The book depicts the personality of Ali. It also analyses the character of Ali.
According to Jordac, Nahj al-Balagha has implications relating to socio-economic justice. The first edition of the Arabic version was published in 1956. The book has been translated into English, Spanish, French, Persian and several other languages.

==Author==
George Jordac was a Christian author who, in his own words, spent four decades researching and studying Ali. The results of his research are a few volumes of books about Ali. He began his writing career in 1950 as a journalist for the newspapers Al-Anwar, Al-Kifah Al-Arabi, Al-Qabas and several others.

==The content of the book==
This book is written in five volumes with the following titles:

=== Ali and Human Rights===

This chapter includes a 256-page overview of the culture of the Hejaz, as it pertains to family life, ethics, religion, and science.

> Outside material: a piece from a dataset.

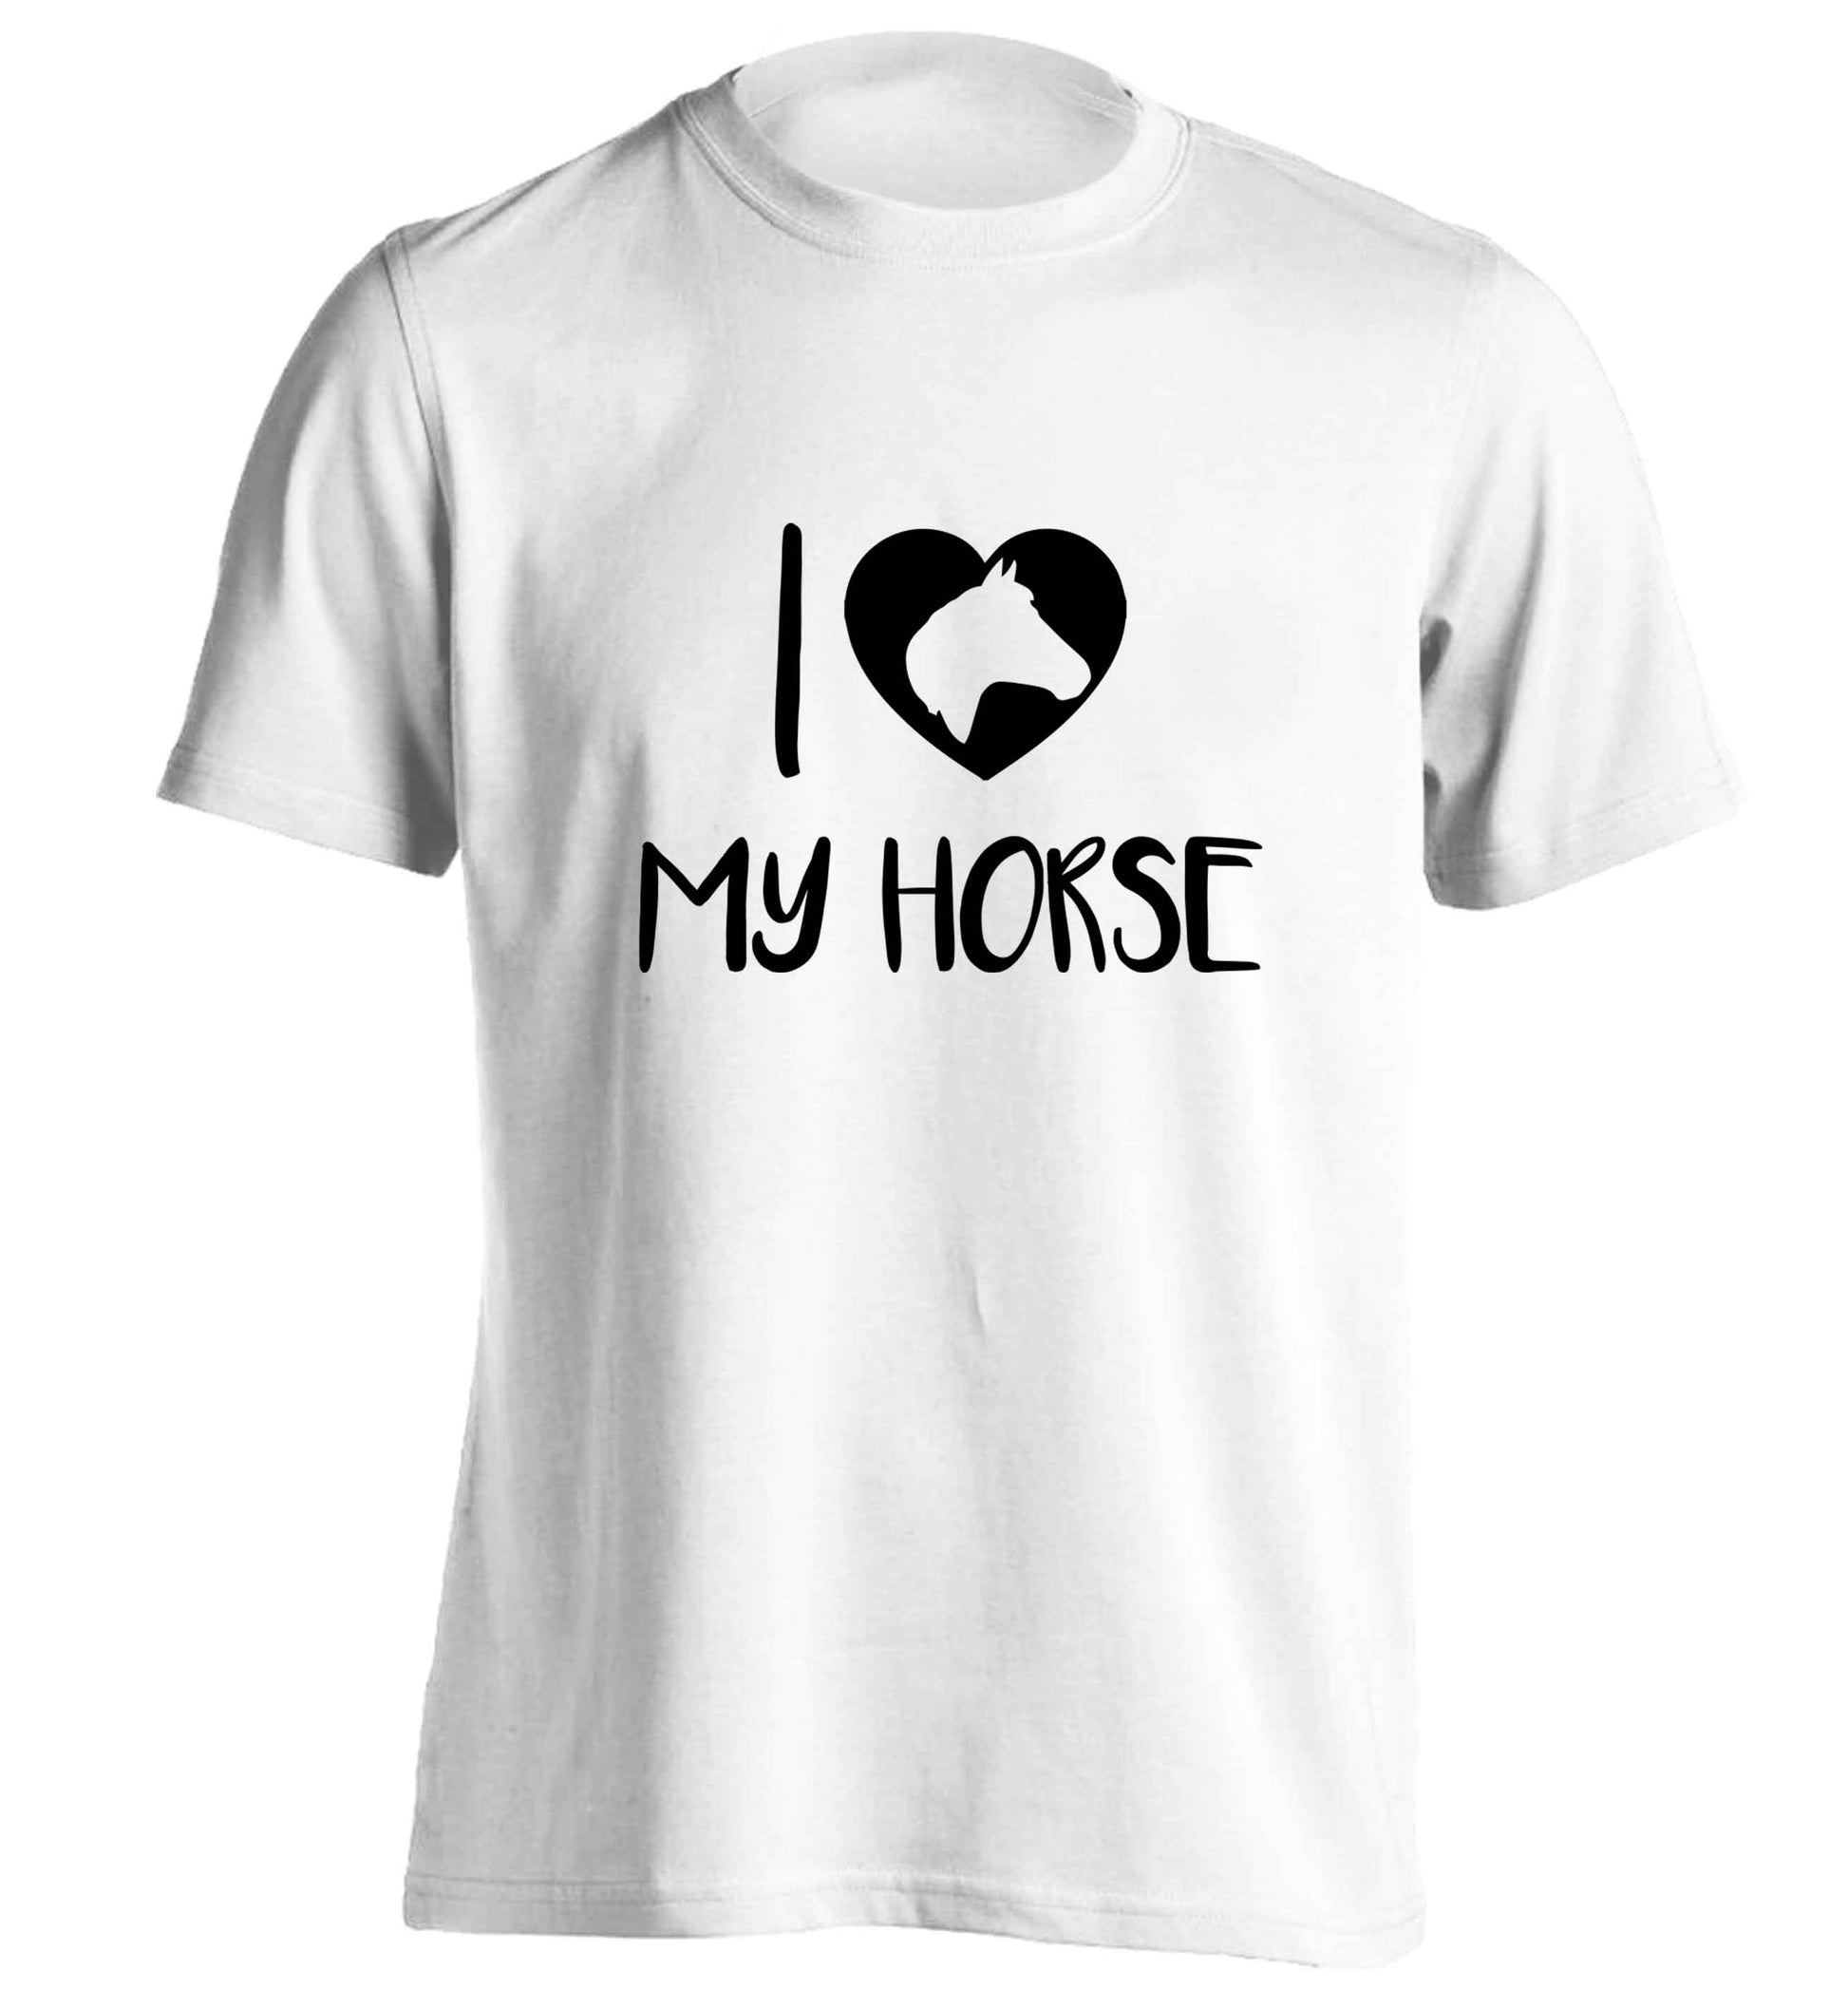 I love my horse adults unisex white Tshirt 2XL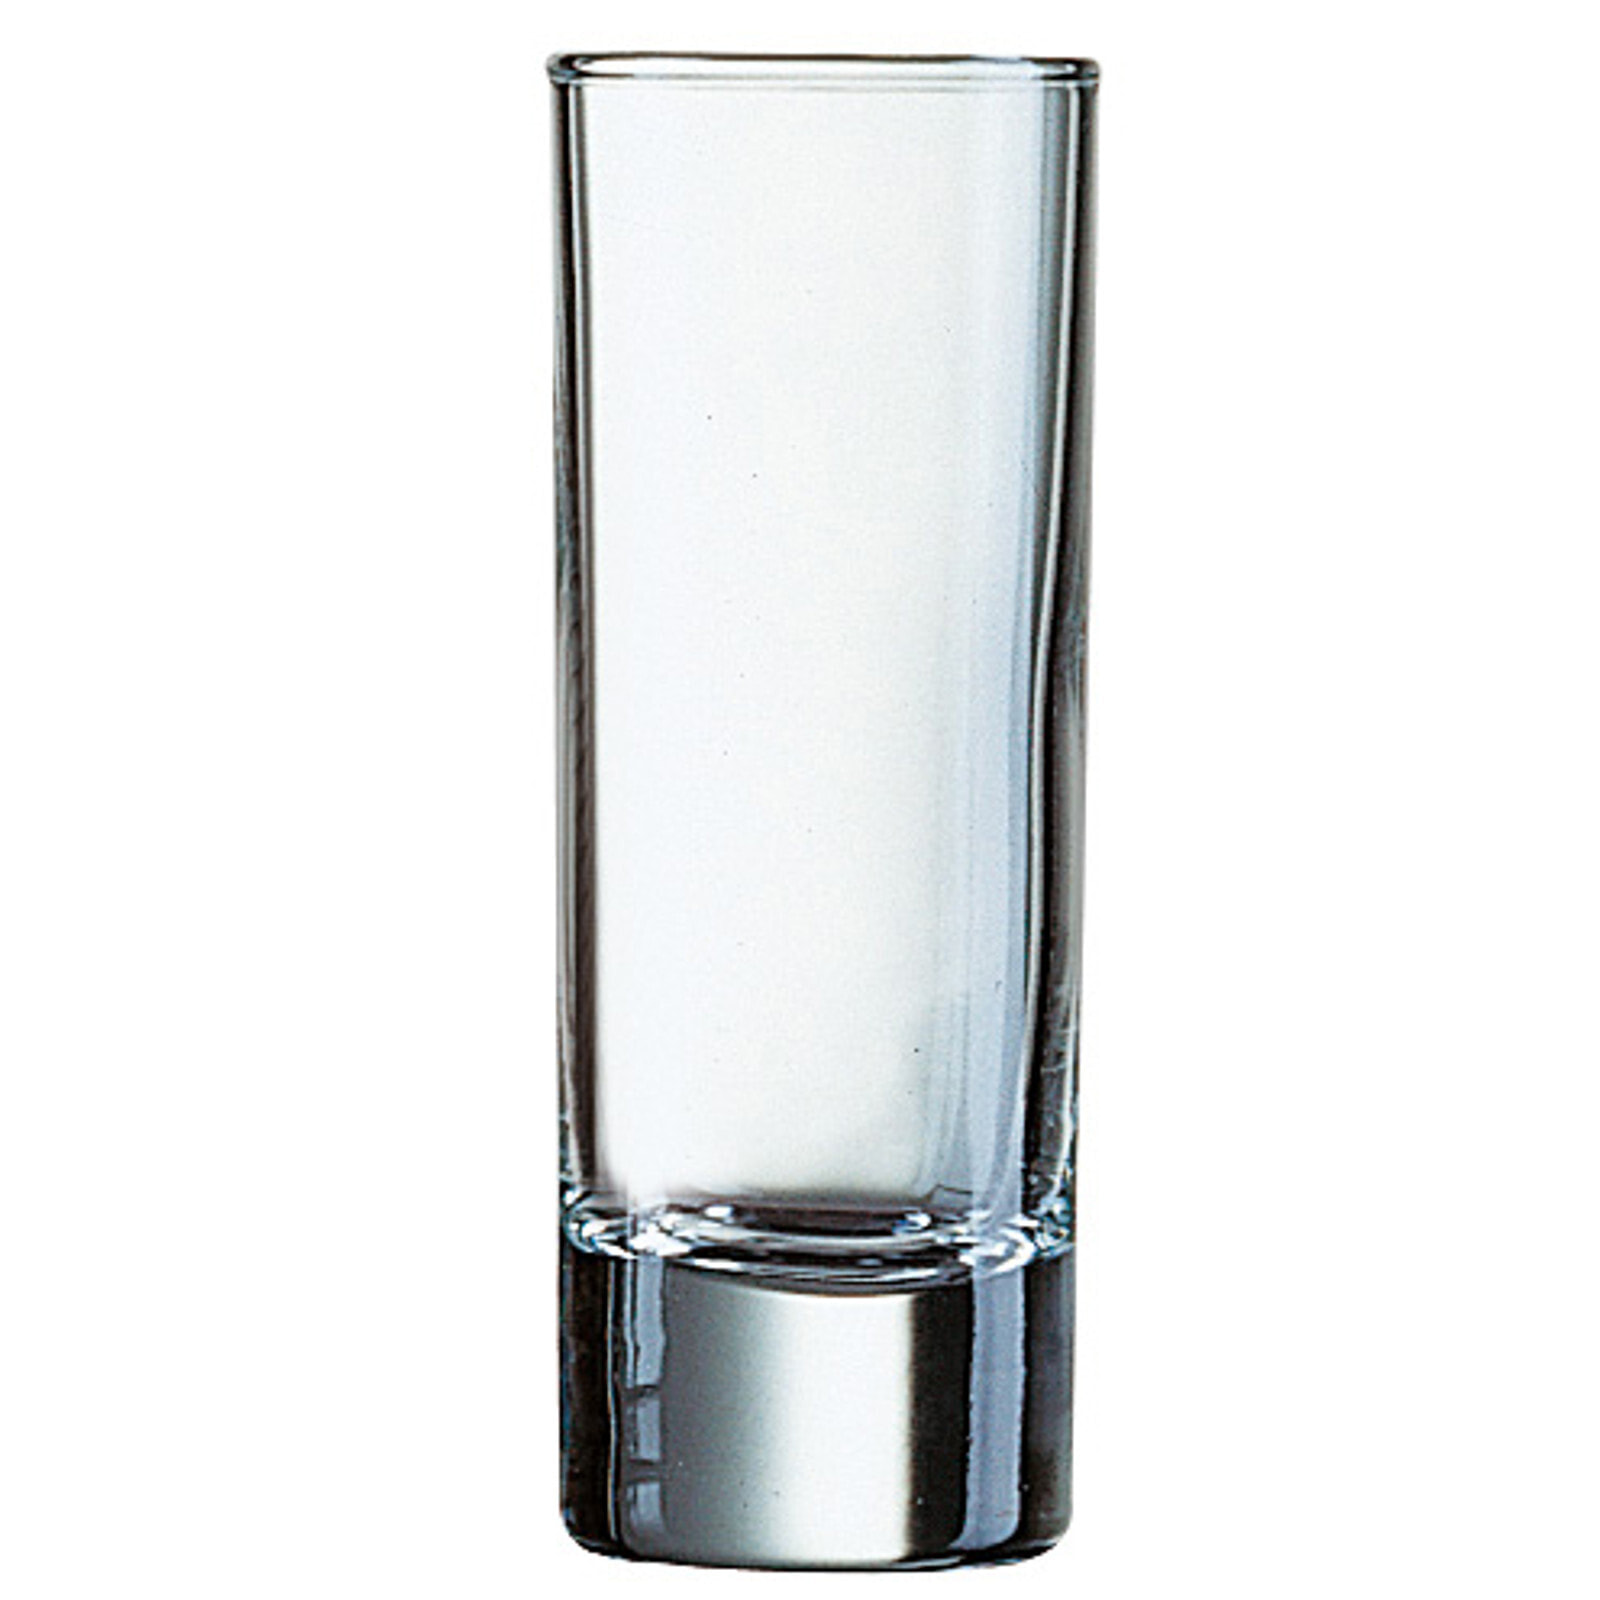 Arcoroc ISLANDE vodka glass, tempered glass 60ml, set of 12 - Hendi 40375

=== Ali and the French Revolution===

This chapter contains 256 pages. It investigates the root causes and history of the French Revolution, and compares it with the views and principles of Imam Ali. The author argues that Imam Ali's views encompass four principles of the French Revolution.

=== Ali and Socrates===

In this volume, the author explains views of Socrates and Ali.

=== Ali and his life===

This chapter contains 254 pages. It includes a review and introduction of two tribes, the Umayyad and the Hashemi, and presents events during the rule of Ali.

=== Ali and ethnicity Arabic===

This chapter contains 270 pages. It includes views of Al-Maʿarri, Gibran Khalil Gibran, Mikhail Naima and some orientalists' views about Ali.

The section titled "What has been said about the book" presents comments on and appreciation of the book.